The RomArchive, hosted by the Documentation and Cultural Center of German Sinti and Roma, is a valuable source of the stories and narratives provided by the victims themselves and it contributes much of lesser known historical texts to improve places and narratives of remembrance.
The RomArchive (www.romarchive.eu) creates an internationally accessible, reliable online source of knowledge, which counters stereotypes and prejudices with facts. For the first time, the story of the genocide committed against the Romani minority was told exclusively from the perspective of the victims. Therefore, the sources can establish counter-narratives for Roma youth organisations to use in their educational work.

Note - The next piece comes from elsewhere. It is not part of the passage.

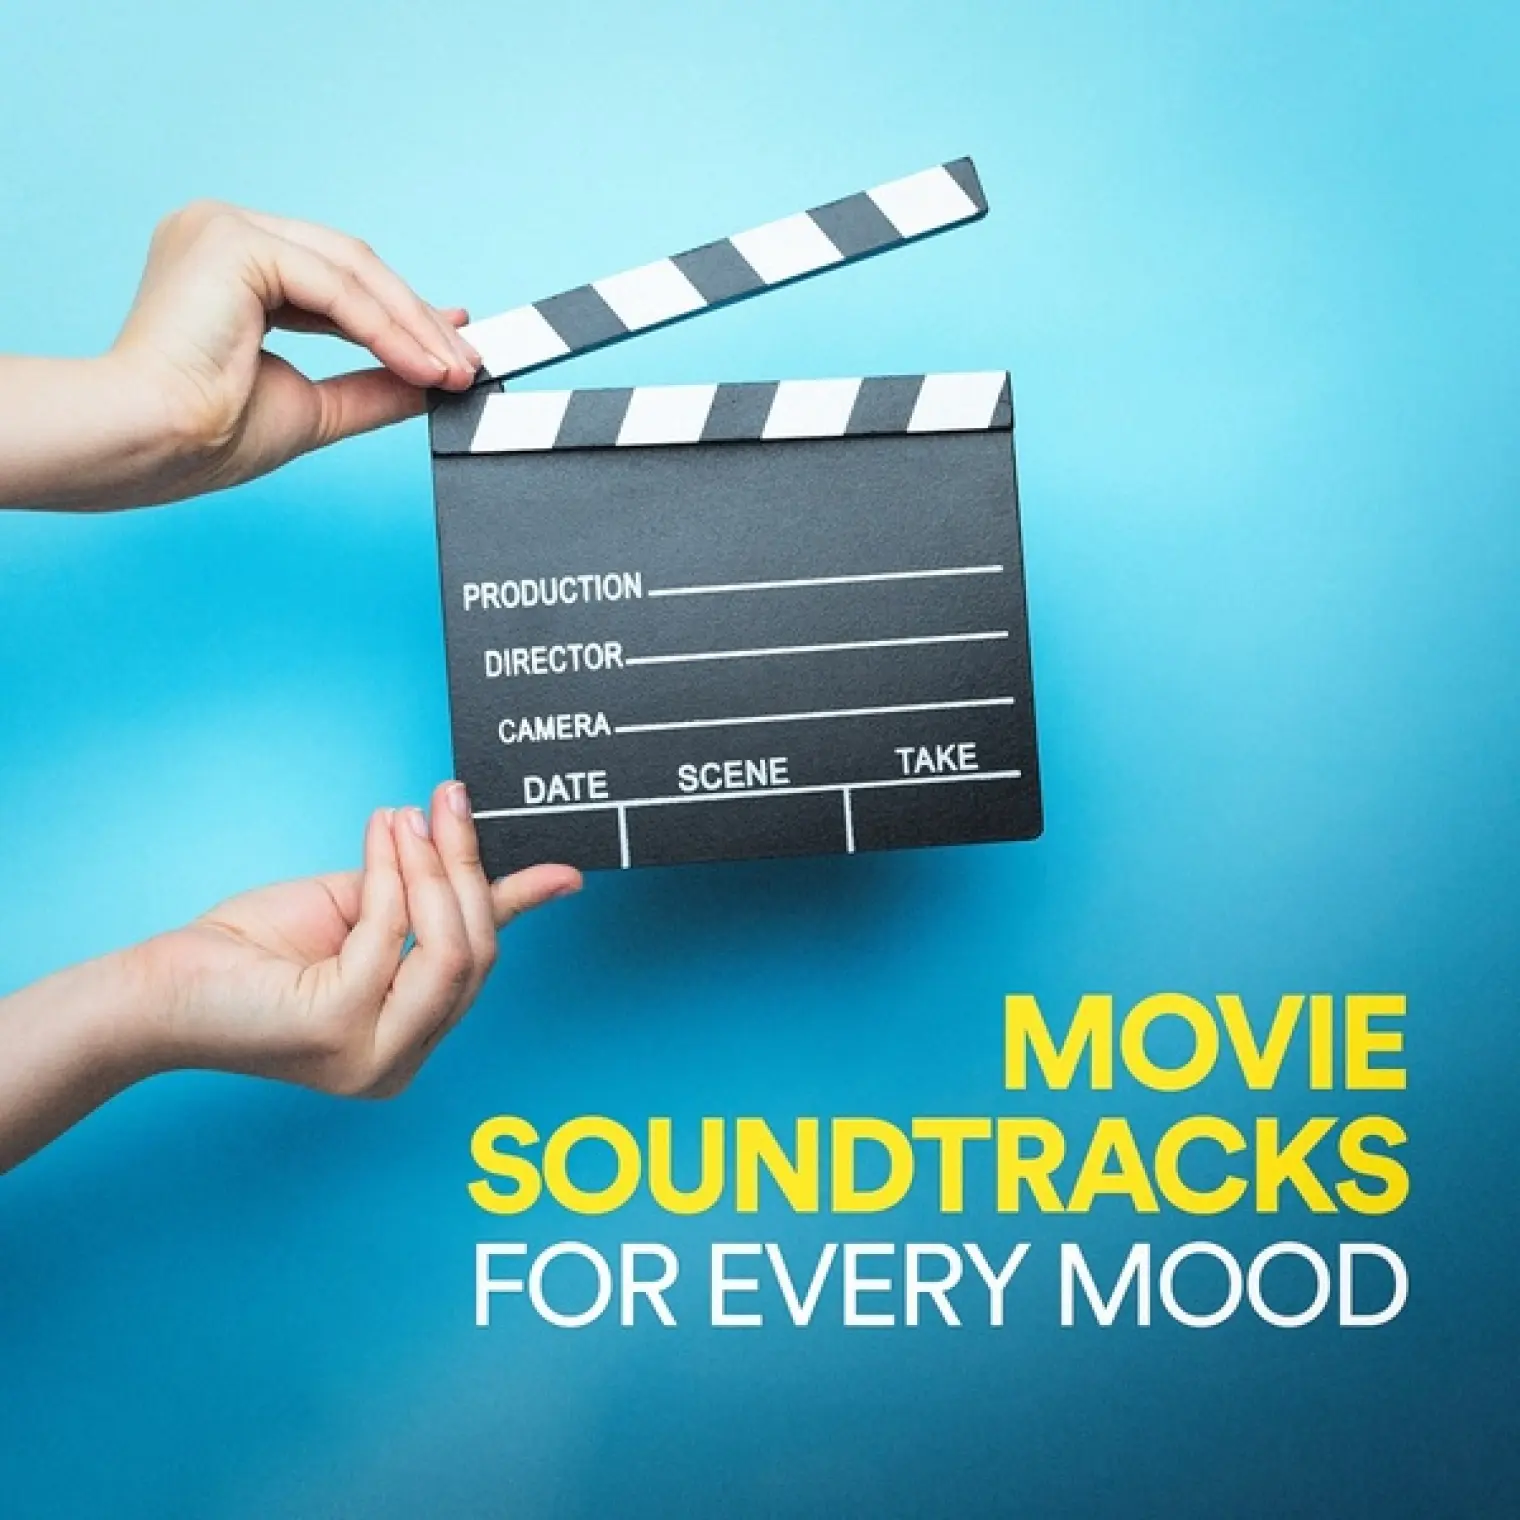 Movie Soundtracks for Every Mood -  Soundtrack

As part of the project “Dikh He Na Bister – Strengthening voices of young Roma in Holocaust remembrance” we decided to use these valuable sources in the songbook that in the future would be used in the Holocaust education. In close cooperation with the Romani artist Adrian Gaspar, a Romanian-Austrian pianist, composer and arranger, we decided to use the RomArchive prepared a songbook. The list of songs, introduction and examples of educational sessions and use have been agreed upon and are at the moment in development. Two songs have been already created and performed live during our meeting in Zagreb/Jasenovac in October 2021.

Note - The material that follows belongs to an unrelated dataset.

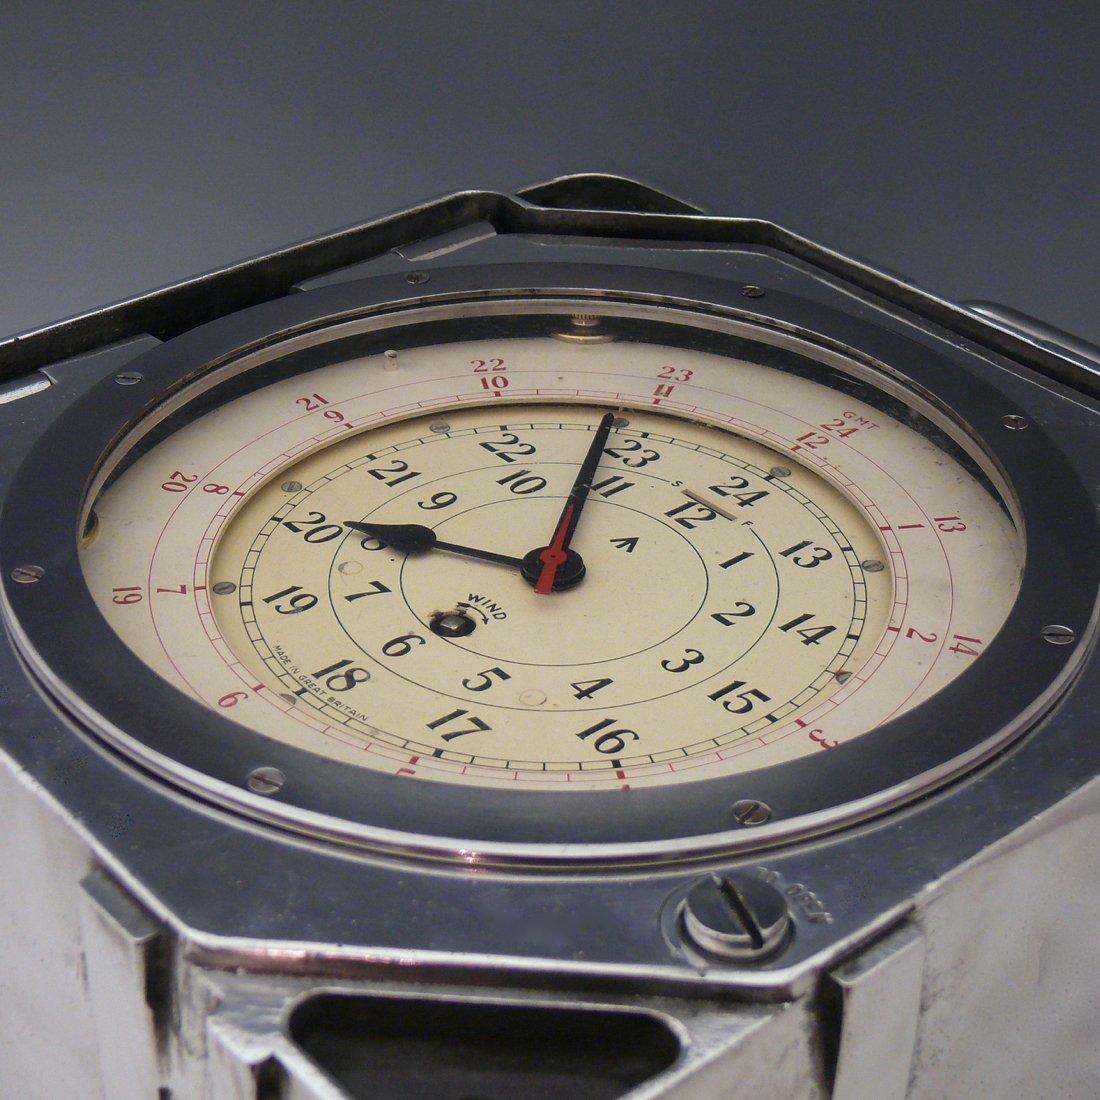 Aluminum British Army Signals Clock, circa 1955

Educational materials based on the RomArchive will be developed to be published online and in print.
While learning about the Holocaust, listening is the essential skill which can be learnt and needs to be taught. By listening we mean the process of receiving an information, ability to assign a meaning to that information and incorporate it in the wider corpus of knowledge.

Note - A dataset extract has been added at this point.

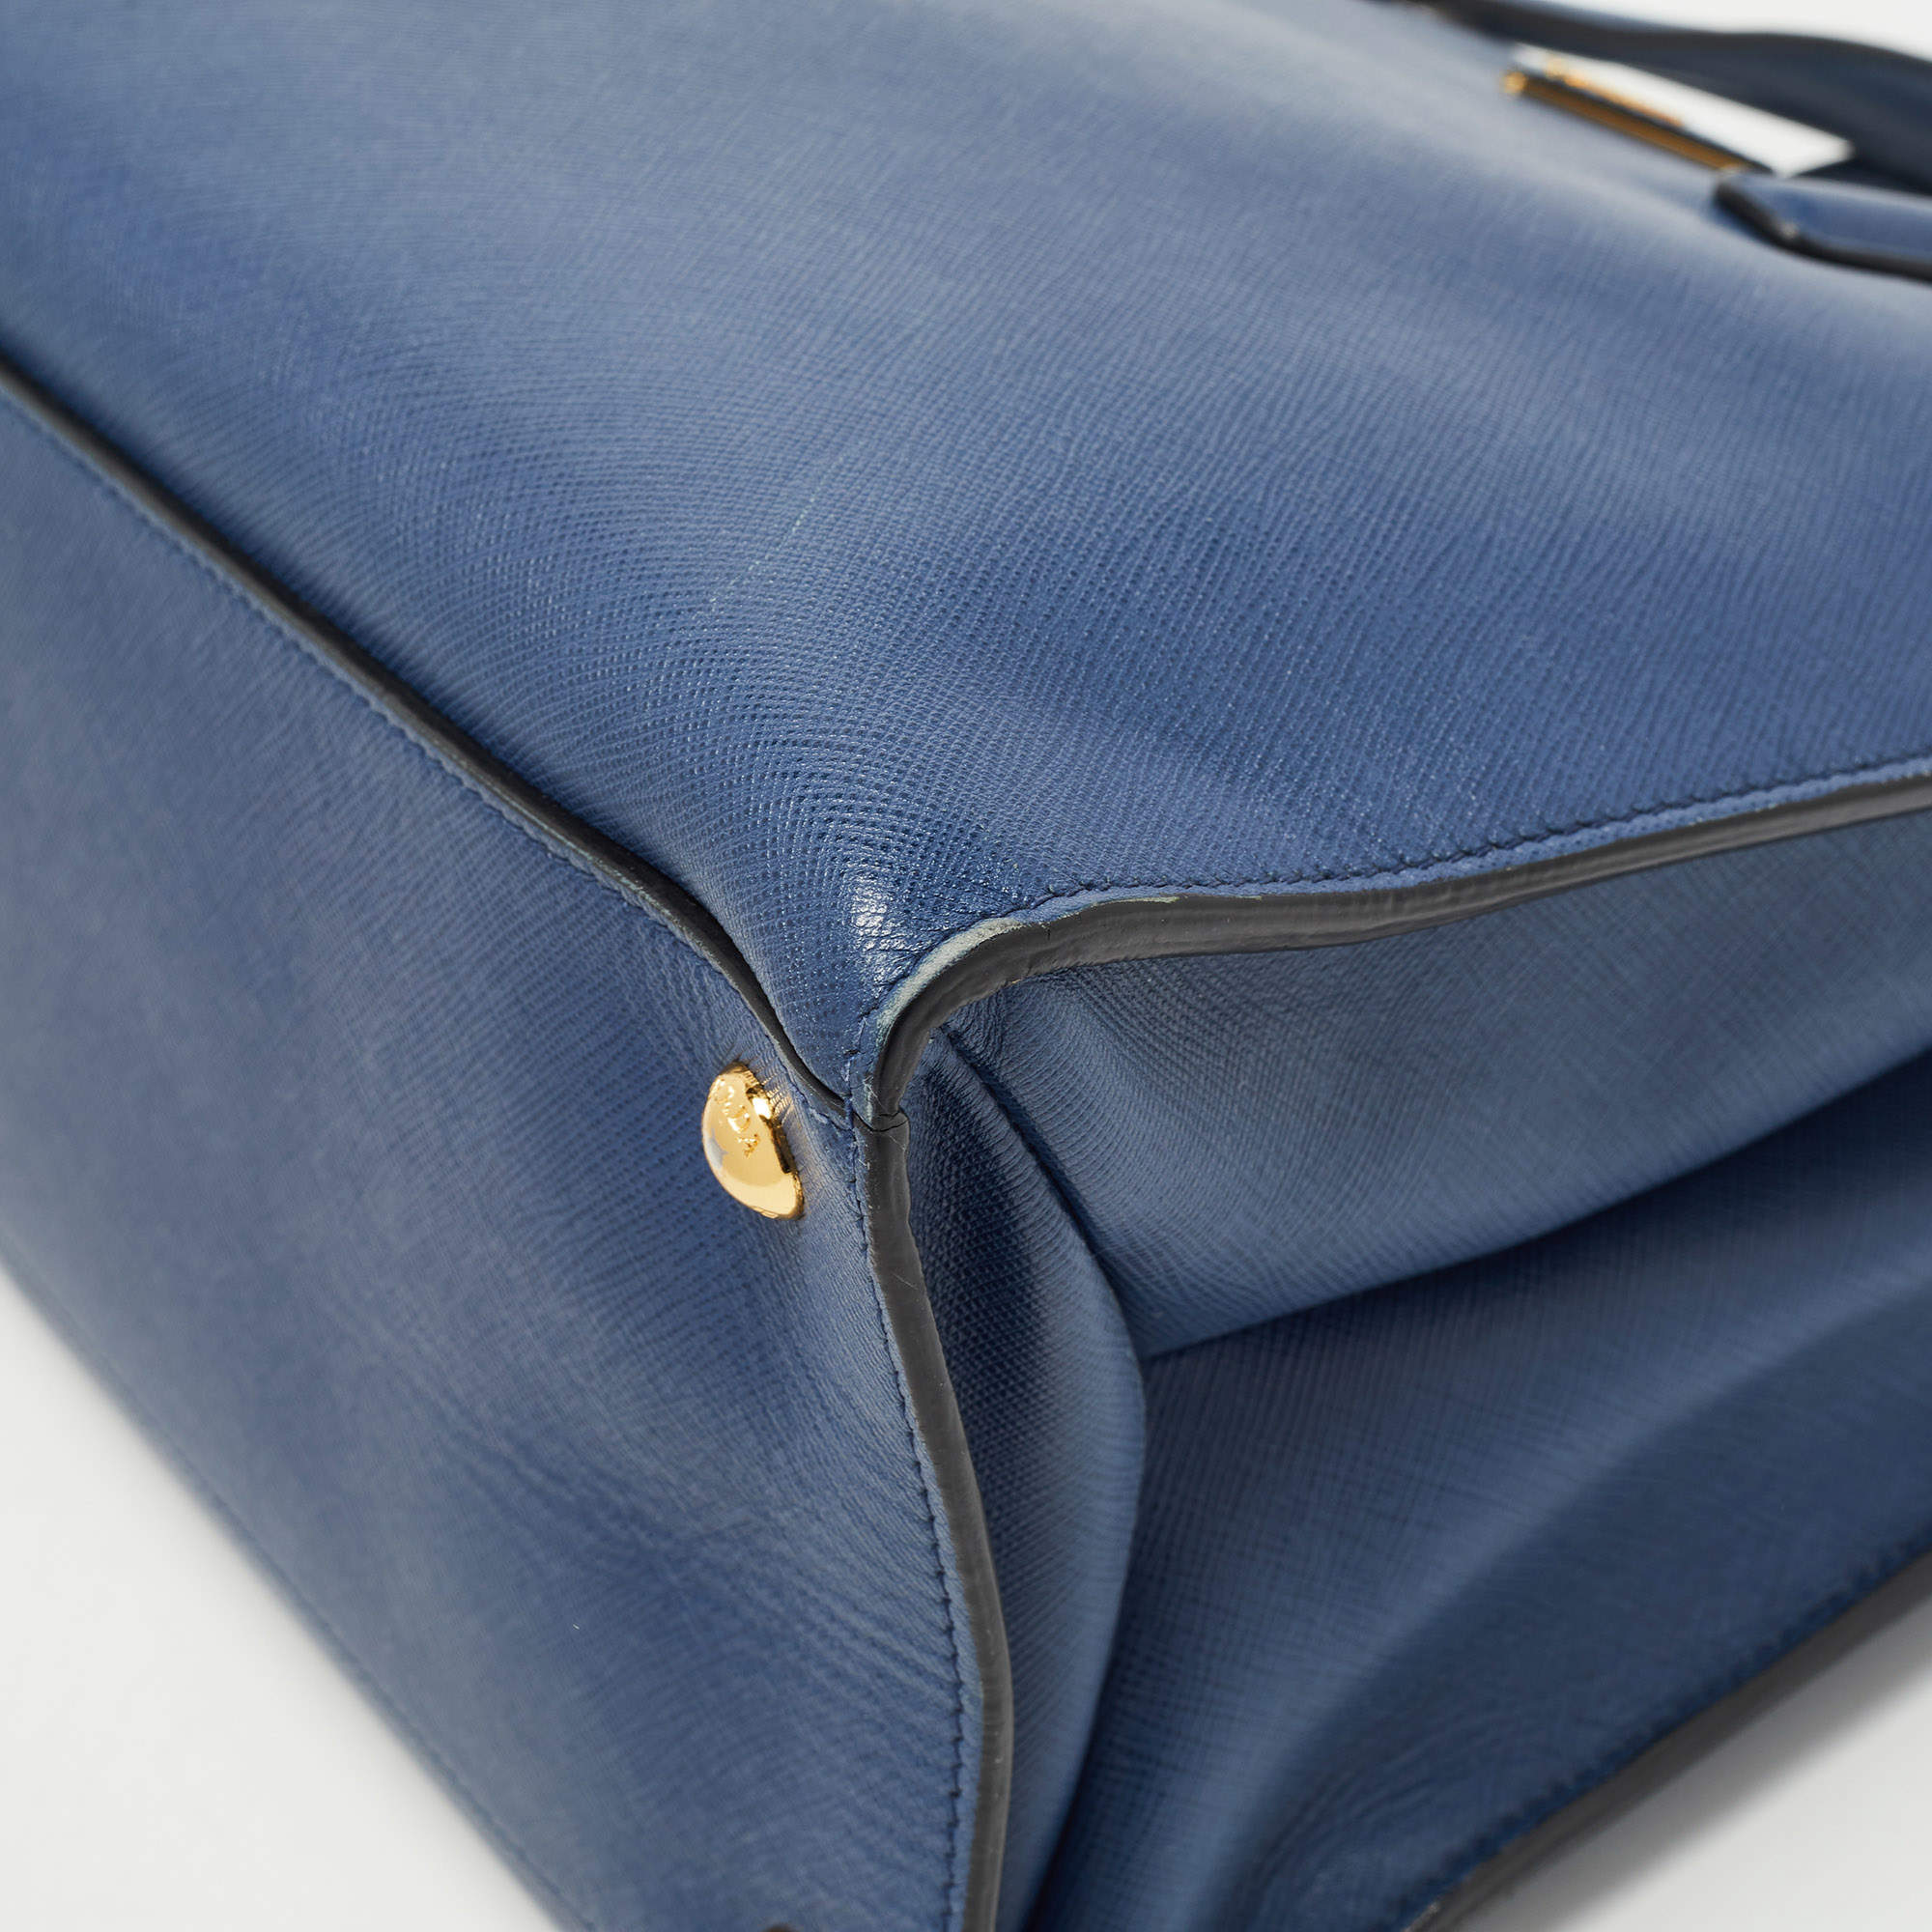 Prada Saffiano Leather Blue Clutch Bag – The Hosta

Listening to the music is a crucial component of the listening as a communication skill. It helps students to focus, follow the rhythm of the narrative and allows him/her to immerse into the told story. Music is a ideal tool to engage young people and help them to get a deeper understanding of a told narrative. Songs are essentially poems, and have a lot of meaning packed into few words. They can be questioned and discussed. Young people’s own experiences are taken into consideration and add their personal perspective.
The project is funded by the EVZ Foundation and the Federal Foreign Office as part of the program YOUNG PEOPLE remember.